## WORK TO COMPLETE
Please restate each entry that follows word for word.

* * * *

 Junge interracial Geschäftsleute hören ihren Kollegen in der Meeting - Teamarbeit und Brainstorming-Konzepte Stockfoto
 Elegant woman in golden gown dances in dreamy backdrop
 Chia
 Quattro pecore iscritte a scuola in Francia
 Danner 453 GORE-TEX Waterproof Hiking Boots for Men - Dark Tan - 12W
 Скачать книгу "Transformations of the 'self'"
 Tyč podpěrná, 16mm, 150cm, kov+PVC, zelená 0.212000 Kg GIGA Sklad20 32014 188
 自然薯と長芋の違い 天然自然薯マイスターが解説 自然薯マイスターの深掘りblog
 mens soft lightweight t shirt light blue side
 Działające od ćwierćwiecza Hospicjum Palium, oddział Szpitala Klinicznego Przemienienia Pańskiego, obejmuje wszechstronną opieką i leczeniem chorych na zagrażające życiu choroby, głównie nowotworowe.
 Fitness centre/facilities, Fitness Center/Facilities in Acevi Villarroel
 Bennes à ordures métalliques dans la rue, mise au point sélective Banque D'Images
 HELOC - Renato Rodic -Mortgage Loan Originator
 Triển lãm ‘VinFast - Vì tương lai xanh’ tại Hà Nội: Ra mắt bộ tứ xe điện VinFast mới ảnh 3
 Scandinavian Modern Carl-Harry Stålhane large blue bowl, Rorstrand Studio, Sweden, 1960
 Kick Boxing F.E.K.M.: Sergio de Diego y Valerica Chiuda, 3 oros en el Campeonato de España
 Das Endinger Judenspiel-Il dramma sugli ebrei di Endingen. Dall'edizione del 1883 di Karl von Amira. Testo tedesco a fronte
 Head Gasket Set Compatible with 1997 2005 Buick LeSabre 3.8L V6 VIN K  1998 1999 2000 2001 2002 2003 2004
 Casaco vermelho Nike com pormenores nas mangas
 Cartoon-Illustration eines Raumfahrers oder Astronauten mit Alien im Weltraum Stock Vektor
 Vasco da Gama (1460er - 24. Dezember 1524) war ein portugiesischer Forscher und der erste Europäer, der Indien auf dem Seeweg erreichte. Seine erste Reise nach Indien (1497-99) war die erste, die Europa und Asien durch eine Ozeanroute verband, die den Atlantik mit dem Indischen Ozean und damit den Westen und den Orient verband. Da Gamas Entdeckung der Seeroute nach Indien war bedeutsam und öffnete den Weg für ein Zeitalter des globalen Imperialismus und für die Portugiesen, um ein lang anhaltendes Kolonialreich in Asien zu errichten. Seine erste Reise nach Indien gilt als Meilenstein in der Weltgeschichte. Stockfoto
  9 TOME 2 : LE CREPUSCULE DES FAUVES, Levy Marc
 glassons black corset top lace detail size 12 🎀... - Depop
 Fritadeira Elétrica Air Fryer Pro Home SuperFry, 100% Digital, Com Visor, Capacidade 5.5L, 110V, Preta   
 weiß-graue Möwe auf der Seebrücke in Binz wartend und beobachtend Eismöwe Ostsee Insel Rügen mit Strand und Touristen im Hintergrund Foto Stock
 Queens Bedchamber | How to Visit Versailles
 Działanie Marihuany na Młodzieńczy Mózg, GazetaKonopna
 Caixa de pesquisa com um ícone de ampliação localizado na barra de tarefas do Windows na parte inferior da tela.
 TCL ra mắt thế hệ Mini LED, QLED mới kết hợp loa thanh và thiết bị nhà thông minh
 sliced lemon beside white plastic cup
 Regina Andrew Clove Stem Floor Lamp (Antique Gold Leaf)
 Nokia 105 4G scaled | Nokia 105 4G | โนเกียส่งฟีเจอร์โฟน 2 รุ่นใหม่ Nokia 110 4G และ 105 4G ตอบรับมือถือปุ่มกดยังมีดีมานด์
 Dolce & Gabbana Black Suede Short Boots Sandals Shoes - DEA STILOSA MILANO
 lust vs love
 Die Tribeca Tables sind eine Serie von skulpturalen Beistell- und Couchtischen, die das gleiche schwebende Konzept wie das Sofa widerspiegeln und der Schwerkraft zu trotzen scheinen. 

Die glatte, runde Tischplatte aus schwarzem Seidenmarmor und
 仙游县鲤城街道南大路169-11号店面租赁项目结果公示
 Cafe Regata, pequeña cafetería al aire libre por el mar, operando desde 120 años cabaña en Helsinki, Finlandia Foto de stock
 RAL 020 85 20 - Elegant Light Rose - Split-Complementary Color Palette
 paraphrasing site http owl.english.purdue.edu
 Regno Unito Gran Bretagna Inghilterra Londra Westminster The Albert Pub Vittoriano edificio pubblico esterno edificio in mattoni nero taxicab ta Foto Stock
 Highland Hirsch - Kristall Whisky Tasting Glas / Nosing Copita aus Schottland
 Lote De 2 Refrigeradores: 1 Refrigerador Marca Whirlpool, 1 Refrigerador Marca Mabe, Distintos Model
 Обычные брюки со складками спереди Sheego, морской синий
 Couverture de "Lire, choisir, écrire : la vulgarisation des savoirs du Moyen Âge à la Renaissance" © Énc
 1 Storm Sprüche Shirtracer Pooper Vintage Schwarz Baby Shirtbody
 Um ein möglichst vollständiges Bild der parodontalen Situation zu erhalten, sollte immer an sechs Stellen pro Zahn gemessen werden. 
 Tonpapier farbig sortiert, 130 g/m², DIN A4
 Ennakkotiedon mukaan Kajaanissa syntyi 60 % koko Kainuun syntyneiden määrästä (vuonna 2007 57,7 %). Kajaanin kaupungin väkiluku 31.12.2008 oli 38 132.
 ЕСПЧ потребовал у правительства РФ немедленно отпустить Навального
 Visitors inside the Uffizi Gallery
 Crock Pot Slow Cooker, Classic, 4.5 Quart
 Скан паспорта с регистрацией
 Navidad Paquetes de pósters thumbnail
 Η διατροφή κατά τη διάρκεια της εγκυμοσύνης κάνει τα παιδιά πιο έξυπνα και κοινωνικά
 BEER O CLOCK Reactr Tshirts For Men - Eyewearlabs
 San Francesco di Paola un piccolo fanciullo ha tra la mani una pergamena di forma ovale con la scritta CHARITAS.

* * * *

## SOLUTION BELOW
 Junge interracial Geschäftsleute hören ihren Kollegen in der Meeting - Teamarbeit und Brainstorming-Konzepte Stockfoto
 Elegant woman in golden gown dances in dreamy backdrop
 Chia
 Quattro pecore iscritte a scuola in Francia
 Danner 453 GORE-TEX Waterproof Hiking Boots for Men - Dark Tan - 12W
 Скачать книгу "Transformations of the 'self'"
 Tyč podpěrná, 16mm, 150cm, kov+PVC, zelená 0.212000 Kg GIGA Sklad20 32014 188
 自然薯と長芋の違い 天然自然薯マイスターが解説 自然薯マイスターの深掘りblog
 mens soft lightweight t shirt light blue side
 Działające od ćwierćwiecza Hospicjum Palium, oddział Szpitala Klinicznego Przemienienia Pańskiego, obejmuje wszechstronną opieką i leczeniem chorych na zagrażające życiu choroby, głównie nowotworowe.
 Fitness centre/facilities, Fitness Center/Facilities in Acevi Villarroel
 Bennes à ordures métalliques dans la rue, mise au point sélective Banque D'Images
 HELOC - Renato Rodic -Mortgage Loan Originator
 Triển lãm ‘VinFast - Vì tương lai xanh’ tại Hà Nội: Ra mắt bộ tứ xe điện VinFast mới ảnh 3
 Scandinavian Modern Carl-Harry Stålhane large blue bowl, Rorstrand Studio, Sweden, 1960
 Kick Boxing F.E.K.M.: Sergio de Diego y Valerica Chiuda, 3 oros en el Campeonato de España
 Das Endinger Judenspiel-Il dramma sugli ebrei di Endingen. Dall'edizione del 1883 di Karl von Amira. Testo tedesco a fronte
 Head Gasket Set Compatible with 1997 2005 Buick LeSabre 3.8L V6 VIN K  1998 1999 2000 2001 2002 2003 2004
 Casaco vermelho Nike com pormenores nas mangas
 Cartoon-Illustration eines Raumfahrers oder Astronauten mit Alien im Weltraum Stock Vektor
 Vasco da Gama (1460er - 24. Dezember 1524) war ein portugiesischer Forscher und der erste Europäer, der Indien auf dem Seeweg erreichte. Seine erste Reise nach Indien (1497-99) war die erste, die Europa und Asien durch eine Ozeanroute verband, die den Atlantik mit dem Indischen Ozean und damit den Westen und den Orient verband. Da Gamas Entdeckung der Seeroute nach Indien war bedeutsam und öffnete den Weg für ein Zeitalter des globalen Imperialismus und für die Portugiesen, um ein lang anhaltendes Kolonialreich in Asien zu errichten. Seine erste Reise nach Indien gilt als Meilenstein in der Weltgeschichte. Stockfoto
  9 TOME 2 : LE CREPUSCULE DES FAUVES, Levy Marc
 glassons black corset top lace detail size 12 🎀... - Depop
 Fritadeira Elétrica Air Fryer Pro Home SuperFry, 100% Digital, Com Visor, Capacidade 5.5L, 110V, Preta   
 weiß-graue Möwe auf der Seebrücke in Binz wartend und beobachtend Eismöwe Ostsee Insel Rügen mit Strand und Touristen im Hintergrund Foto Stock
 Queens Bedchamber | How to Visit Versailles
 Działanie Marihuany na Młodzieńczy Mózg, GazetaKonopna
 Caixa de pesquisa com um ícone de ampliação localizado na barra de tarefas do Windows na parte inferior da tela.
 TCL ra mắt thế hệ Mini LED, QLED mới kết hợp loa thanh và thiết bị nhà thông minh
 sliced lemon beside white plastic cup
 Regina Andrew Clove Stem Floor Lamp (Antique Gold Leaf)
 Nokia 105 4G scaled | Nokia 105 4G | โนเกียส่งฟีเจอร์โฟน 2 รุ่นใหม่ Nokia 110 4G และ 105 4G ตอบรับมือถือปุ่มกดยังมีดีมานด์
 Dolce & Gabbana Black Suede Short Boots Sandals Shoes - DEA STILOSA MILANO
 lust vs love
 Die Tribeca Tables sind eine Serie von skulpturalen Beistell- und Couchtischen, die das gleiche schwebende Konzept wie das Sofa widerspiegeln und der Schwerkraft zu trotzen scheinen. 

Die glatte, runde Tischplatte aus schwarzem Seidenmarmor und
 仙游县鲤城街道南大路169-11号店面租赁项目结果公示
 Cafe Regata, pequeña cafetería al aire libre por el mar, operando desde 120 años cabaña en Helsinki, Finlandia Foto de stock
 RAL 020 85 20 - Elegant Light Rose - Split-Complementary Color Palette
 paraphrasing site http owl.english.purdue.edu
 Regno Unito Gran Bretagna Inghilterra Londra Westminster The Albert Pub Vittoriano edificio pubblico esterno edificio in mattoni nero taxicab ta Foto Stock
 Highland Hirsch - Kristall Whisky Tasting Glas / Nosing Copita aus Schottland
 Lote De 2 Refrigeradores: 1 Refrigerador Marca Whirlpool, 1 Refrigerador Marca Mabe, Distintos Model
 Обычные брюки со складками спереди Sheego, морской синий
 Couverture de "Lire, choisir, écrire : la vulgarisation des savoirs du Moyen Âge à la Renaissance" © Énc
 1 Storm Sprüche Shirtracer Pooper Vintage Schwarz Baby Shirtbody
 Um ein möglichst vollständiges Bild der parodontalen Situation zu erhalten, sollte immer an sechs Stellen pro Zahn gemessen werden. 
 Tonpapier farbig sortiert, 130 g/m², DIN A4
 Ennakkotiedon mukaan Kajaanissa syntyi 60 % koko Kainuun syntyneiden määrästä (vuonna 2007 57,7 %). Kajaanin kaupungin väkiluku 31.12.2008 oli 38 132.
 ЕСПЧ потребовал у правительства РФ немедленно отпустить Навального
 Visitors inside the Uffizi Gallery
 Crock Pot Slow Cooker, Classic, 4.5 Quart
 Скан паспорта с регистрацией
 Navidad Paquetes de pósters thumbnail
 Η διατροφή κατά τη διάρκεια της εγκυμοσύνης κάνει τα παιδιά πιο έξυπνα και κοινωνικά
 BEER O CLOCK Reactr Tshirts For Men - Eyewearlabs
 San Francesco di Paola un piccolo fanciullo ha tra la mani una pergamena di forma ovale con la scritta CHARITAS.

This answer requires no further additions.